En reiteradas ocasiones he expresado mi opinión sobre la infinita posibilidad de explorar el alma humana que nos proporciona este microcosmos que es Ceuta.
La superposición en tan reducido espacio de todas las pasiones humanas, la confluencia acumulativa y conflictiva de todos los fenómenos sociales (lo clásicos, los presentes y hasta los futuros), las particulares coordenadas del valor del tiempo y la exótica ubicación espacial; diseñan un escenario sin parangón que nos permite observar con inusitada nitidez la conducta humana en su más amplia extensión e insondable profundidad. Ceuta hubiera sido un laboratorio inigualable para todos los filósofos que en la historia han sido.

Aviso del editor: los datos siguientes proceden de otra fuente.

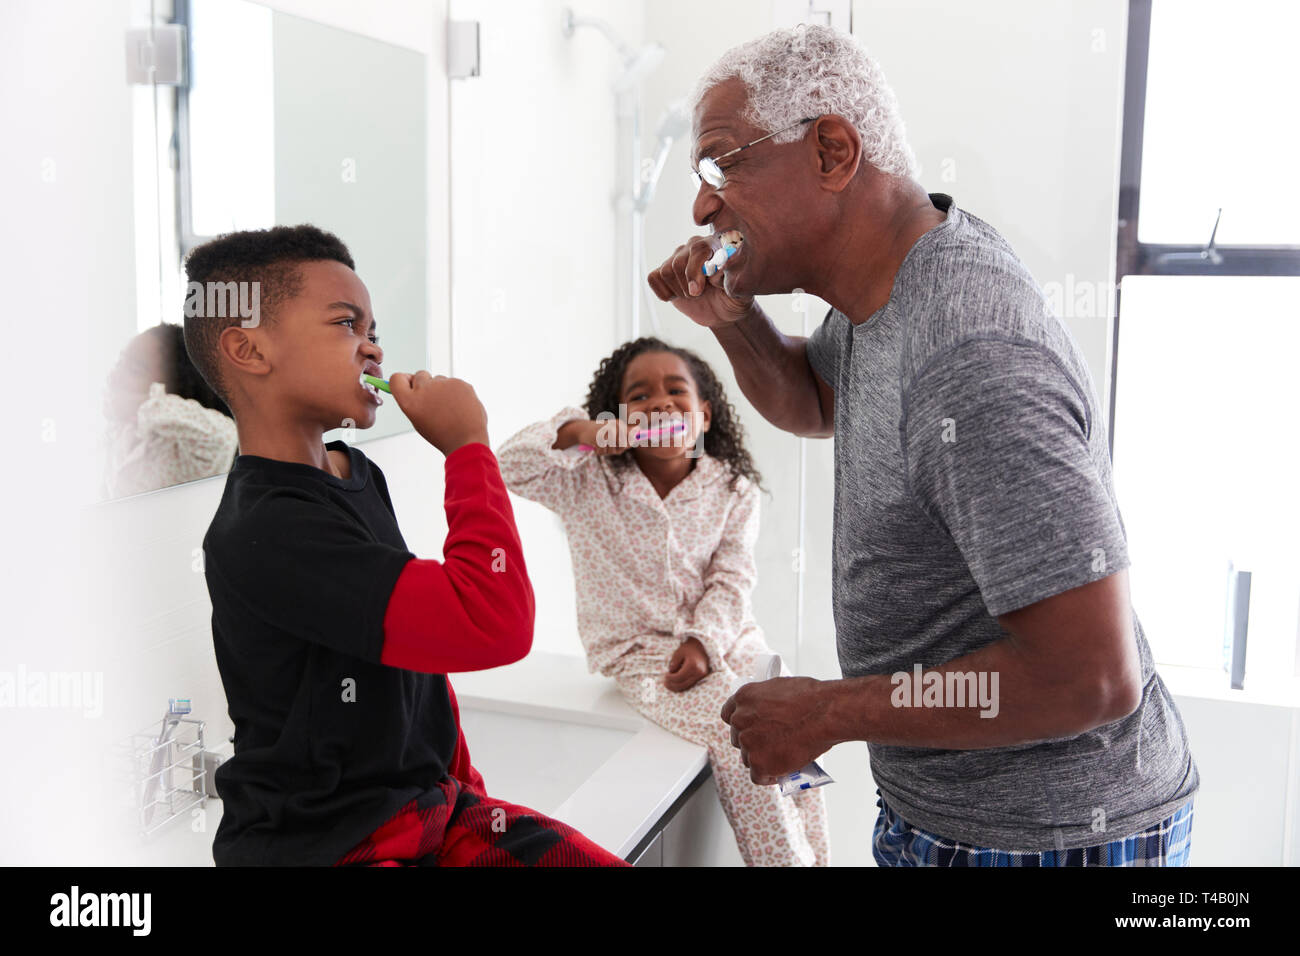 El abuelo en el baño vistiendo Pijama cepillarse los dientes con los nietos Foto de stock

Es muy probable que Ceuta sea muy parecida a cualquier otro lugar, y que la única diferencia estribe en que aquí todo es accesible al conocimiento de manera general e inmediata. Otras opiniones abundan en que la trashumancia de la población (atraída por exclusivo interés económico y desprovista de cualidades más nobles) actúa como un factor de selección negativa, que sesga "la muestra" hasta desfigurarla e invalidar las conclusiones.
Lo cierto es que la maldad, en su sentido más estricto, es la categoría moral hegemónicamente dominante en nuestro particular espacio de convivencia. Abrumadoramente densa. Los rasgos de bondad son tan tenues y esporádicos, que apenas cruzan como un suspiro. Vivimos en una selva de odio, egoísmo, mentira, traición, ingratitud, deslealtad, envidia e hipocresía; tan asfixiante que incita a un repliegue afectivo en el entorno más íntimo, y desmotiva en la construcción de cualquier empresa colectiva. El análisis minucioso del modo en que gestionamos la vida pública produce pavor. Es muy difícil asumir desde la indiferencia tal cúmulo de perversión moral.
Esta observación, empírica, nos sitúa de lleno en el dilema no resuelto sobre la condición humana y su dimensión social. ¿Es el ser humano bueno por naturaleza y la sociedad lo envilece, creando una serie de necesidades artificiales?, o por el contrario, ¿Es el ser humano malo por naturaleza y la sociedad logra mitigar y reconducir su conducta orientándola hacia un fin bueno formado por principios racionales? La respuesta desde la certeza absoluta deviene en un imposible. Pero se diría que en Ceuta nos afanamos con denuedo en aportar argumentos para validar la segunda proposición. Lo que sí parece una evidencia en deslizamiento hacia el axioma, es que el valor de la "sociedad" en el caso de Ceuta es insignificante. No somos capaces siquiera de esbozar algo parecido al bien común. No tenemos en común ni el punto de partida. La palmaria inexistencia de valores compartidos, sustituida por vulgares tópicos, tan vacuos como irrelevantes, propicia una enfermiza disgregación que anula toda posibilidad de modulación de conductas individuales.
La duda es inevitable. ¿Estamos ante una situación reversible? ¿Existe una masa crítica de bondad suficiente para acometer la revolución pendiente? El optimismo se antoja quimérico. Porque, más allá de una estimación, basada en un ejercicio de mera racionalidad teórica, la experiencia nos muestra que caminamos en dirección contraria. Lenta pero inexorablemente. Cualquier intento de regeneración social, fundamentada en la prevalencia de los valores éticos aceptados universalmente, se salda con un torbellino de maldad tan intenso y persistente, que termina por aniquilar las buenas intenciones. Por momentos parece que vivimos en una ciudad condenada irremisiblemente a la autodestrucción.